▶ **Source material**

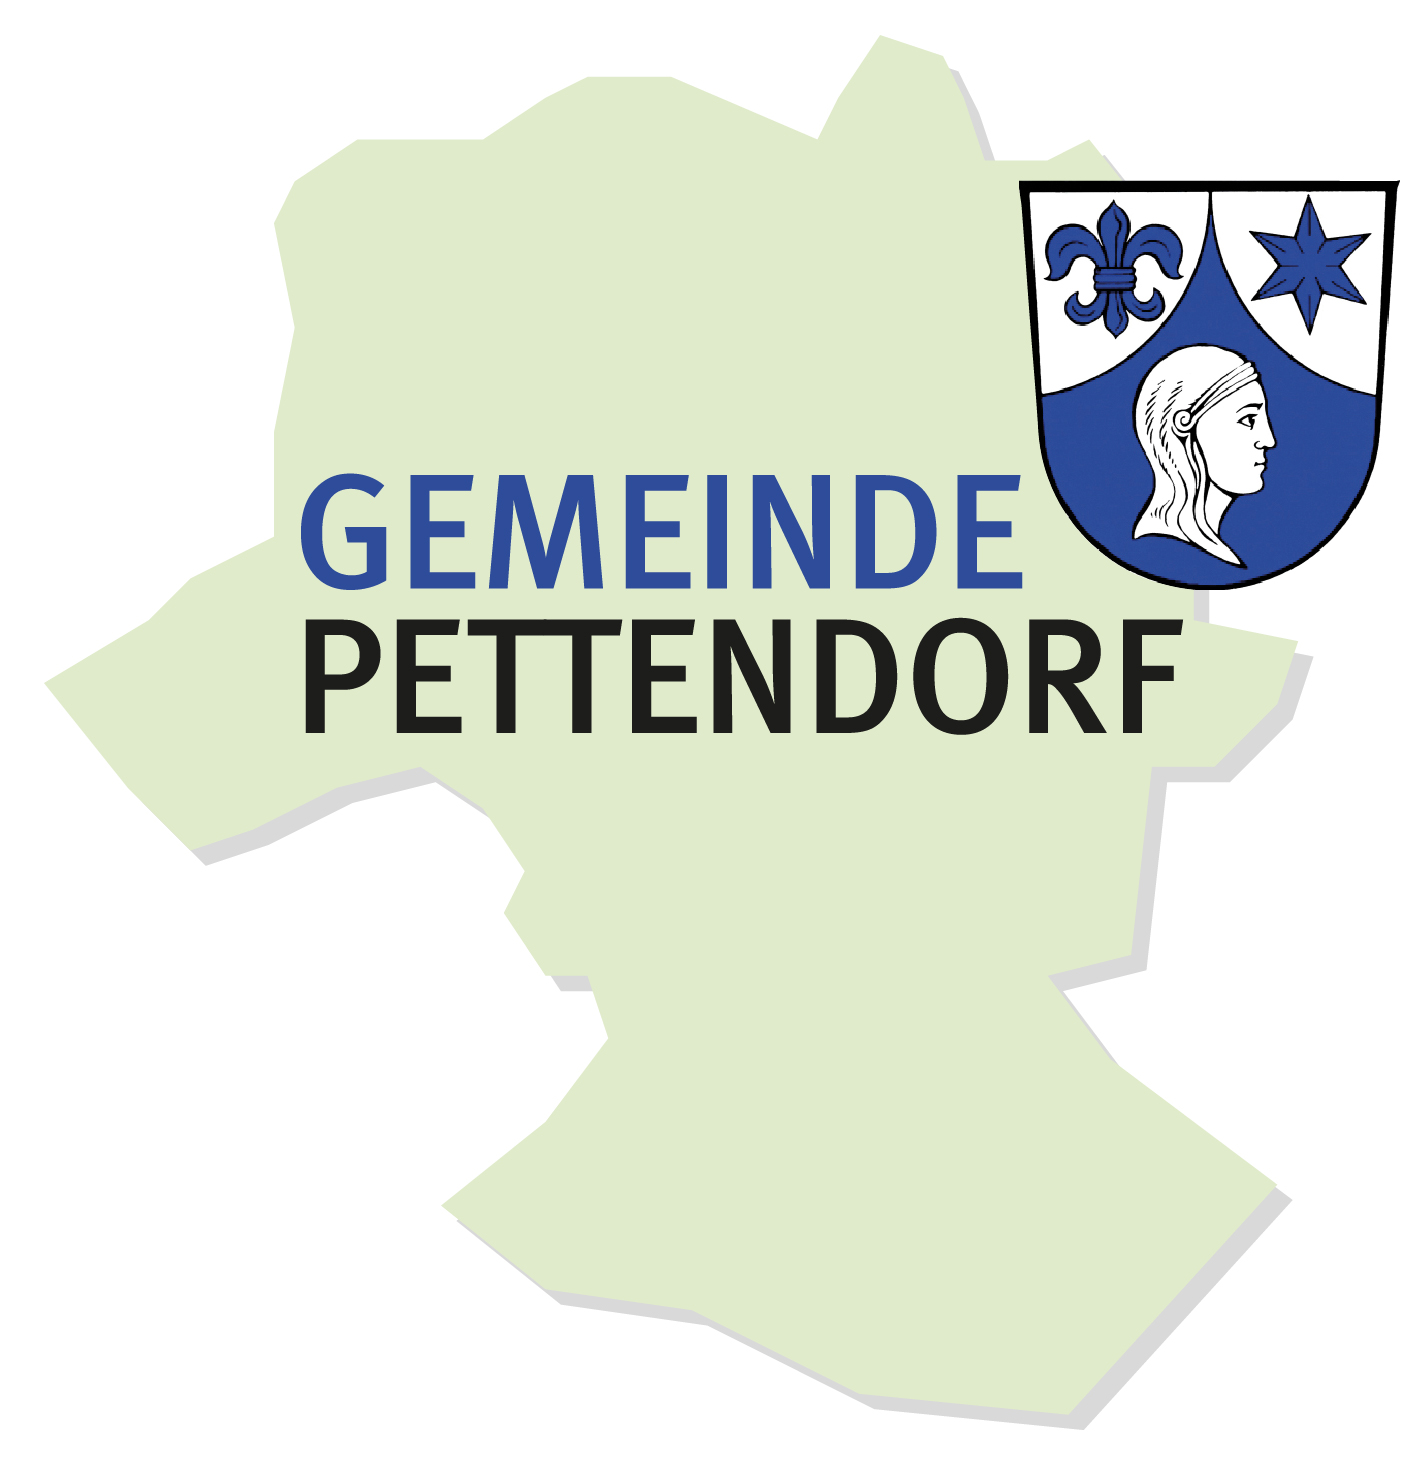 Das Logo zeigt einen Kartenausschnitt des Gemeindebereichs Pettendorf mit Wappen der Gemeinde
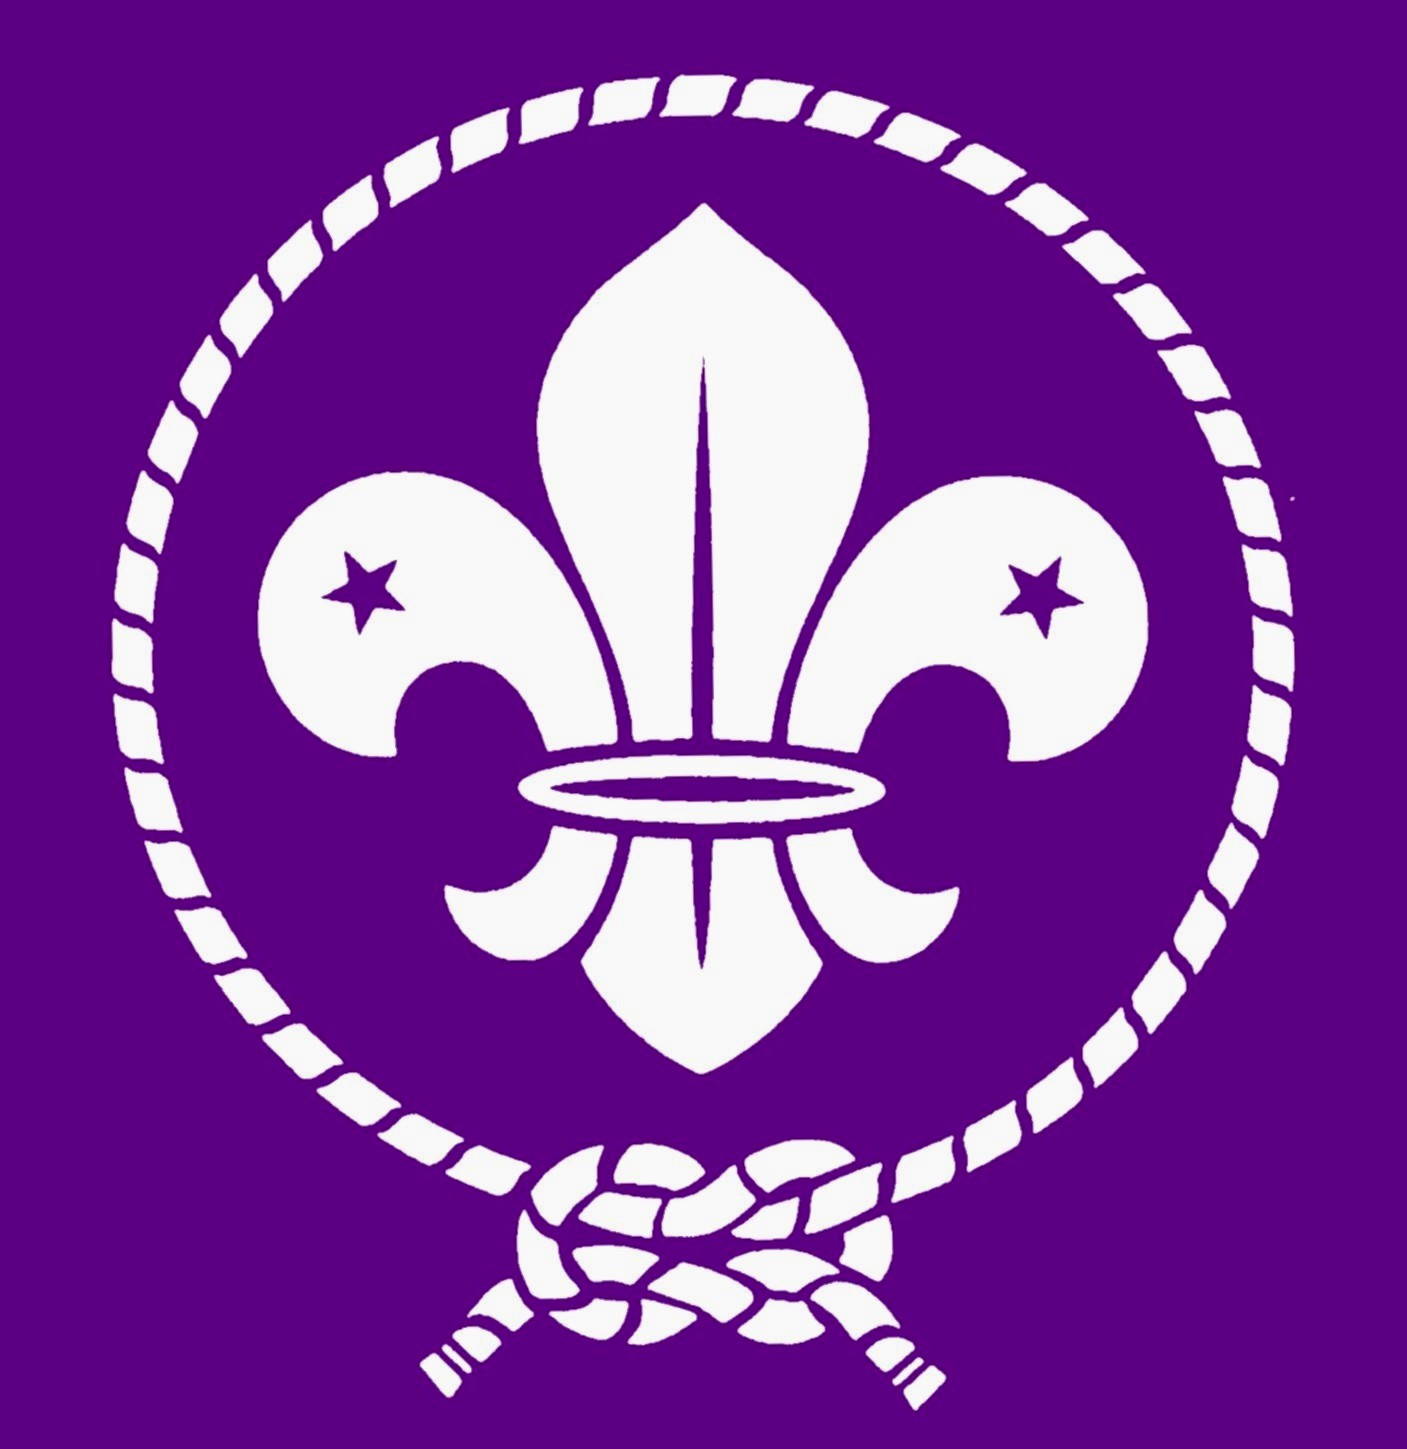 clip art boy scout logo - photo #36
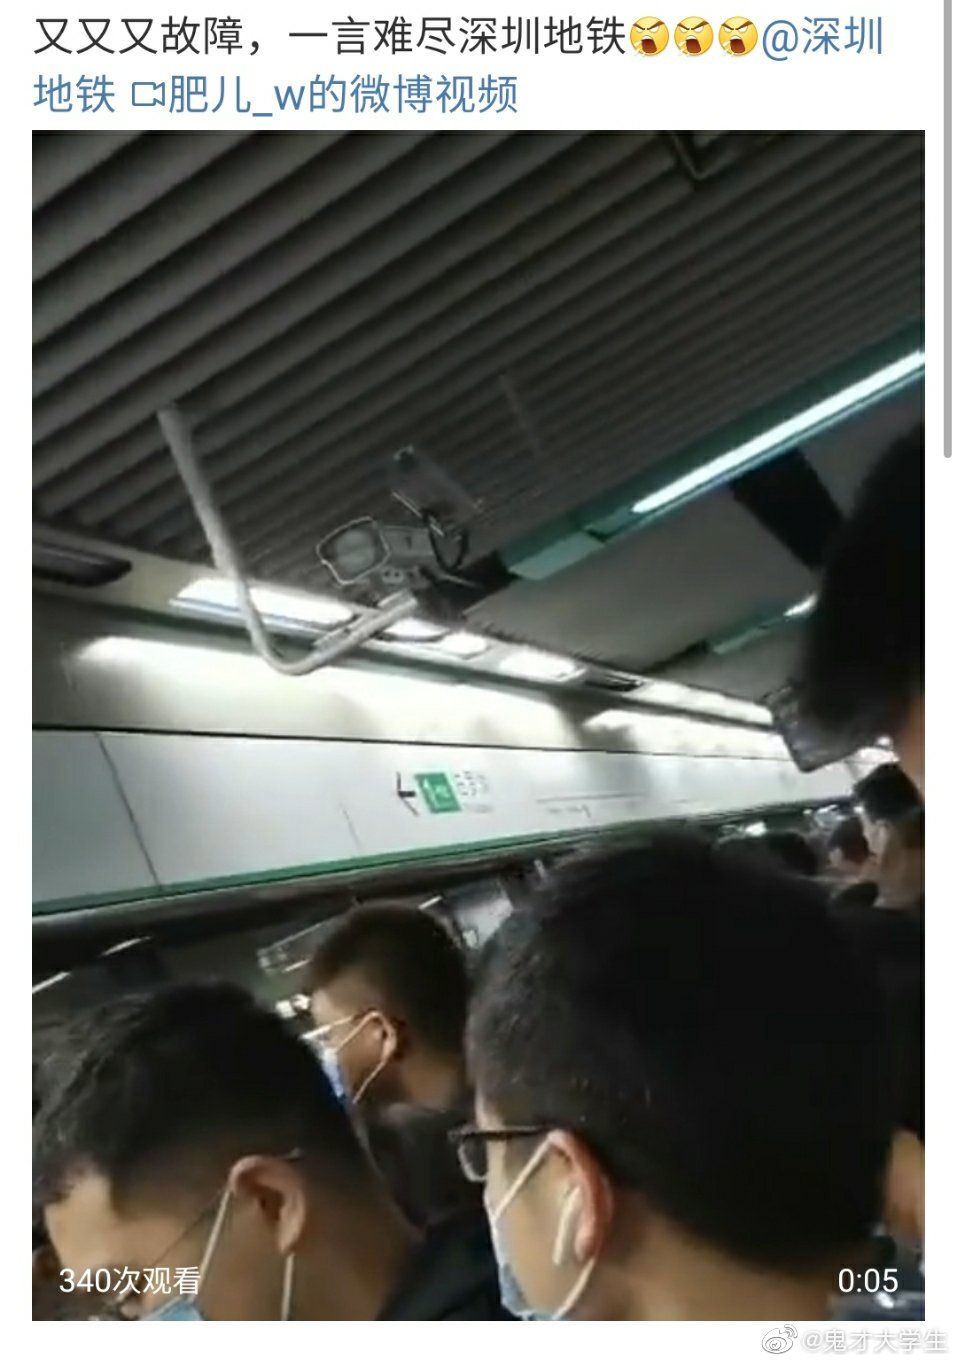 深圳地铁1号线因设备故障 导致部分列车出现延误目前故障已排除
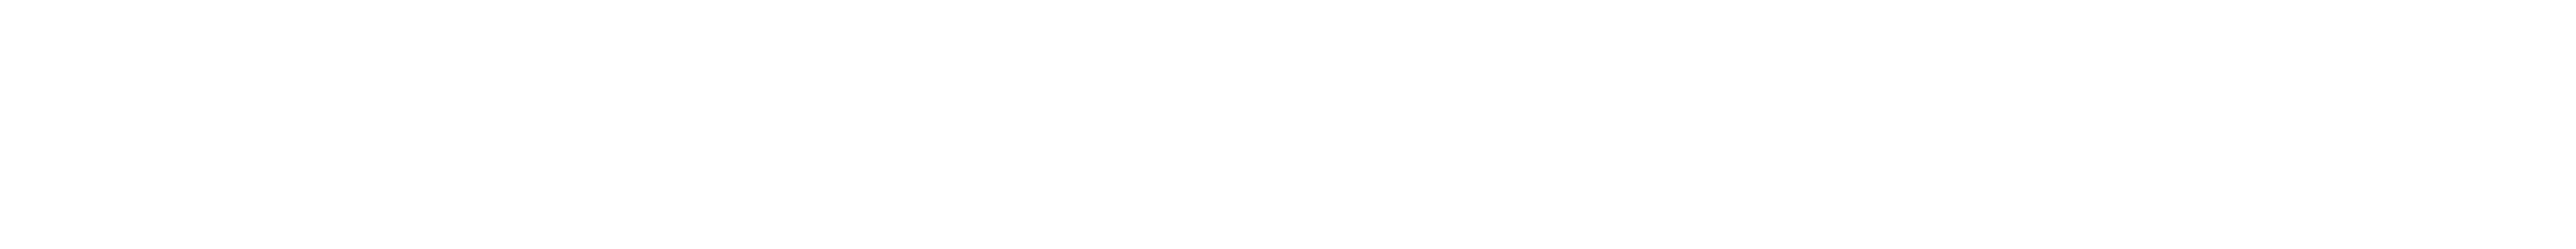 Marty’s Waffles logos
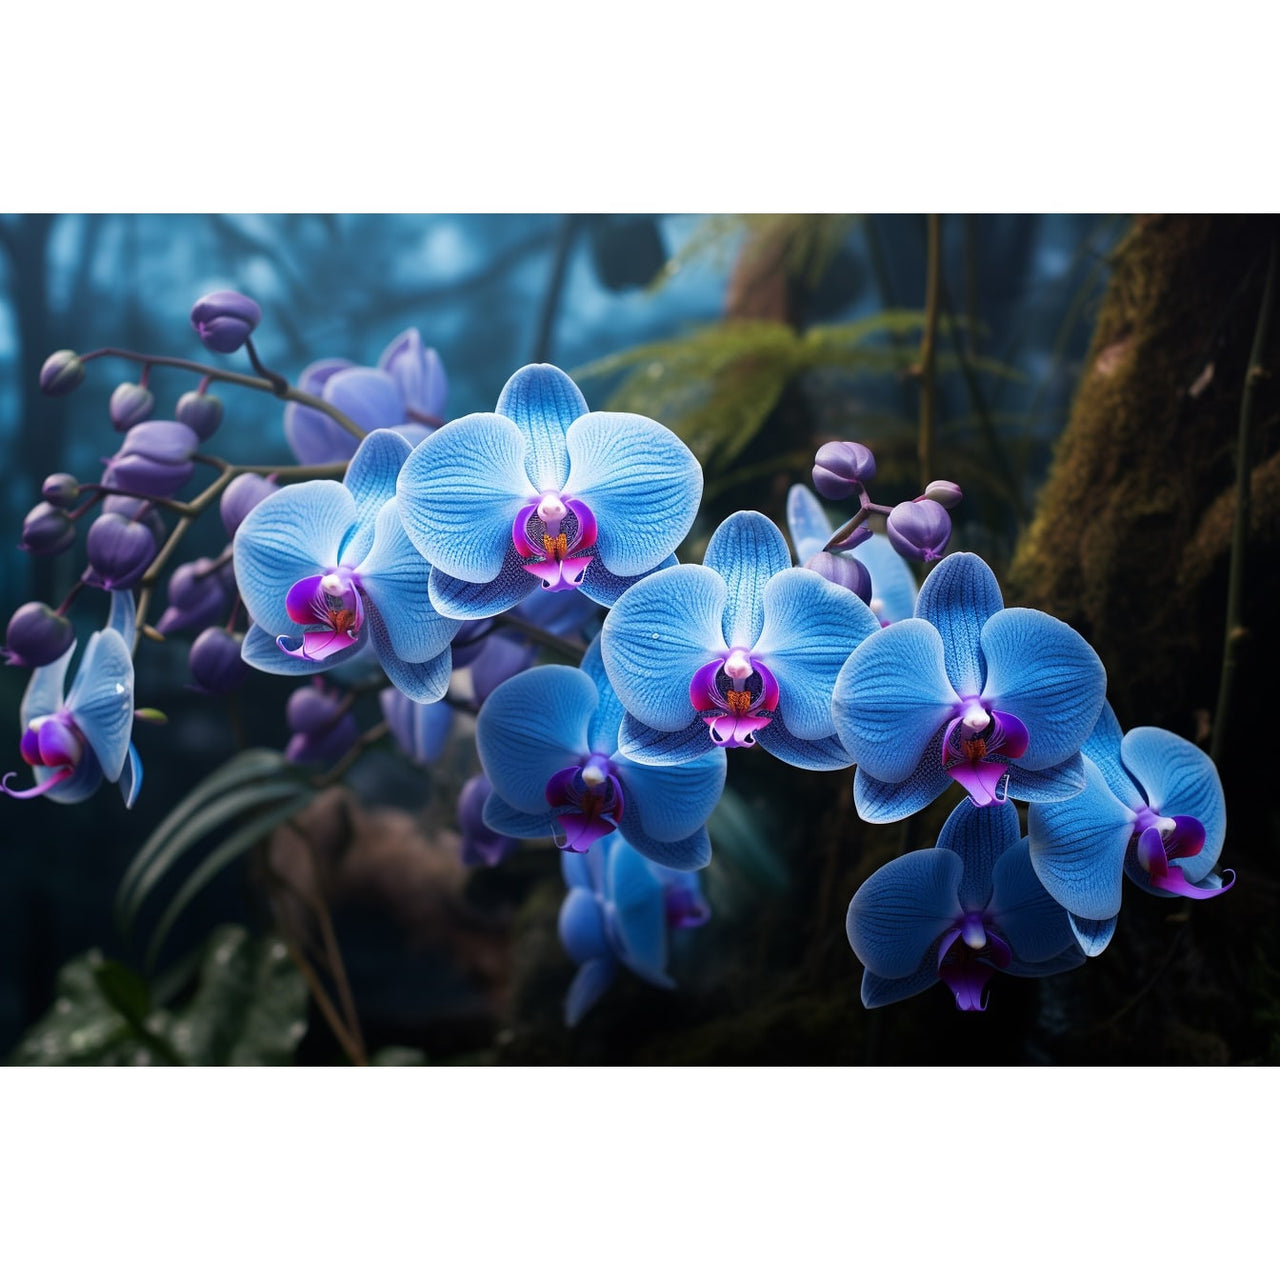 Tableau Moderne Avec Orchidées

▶ **About this task**
Please return exactly, and only, the lines from the one containing "深圳地铁1号线因设备故障 导致部分列车出现延误目前故障已排除" through the end of the records, with both end lines kept and every picture dropped.

▶ **Answer to this task**
 深圳地铁1号线因设备故障 导致部分列车出现延误目前故障已排除
 Marty’s Waffles logos
 Tableau Moderne Avec Orchidées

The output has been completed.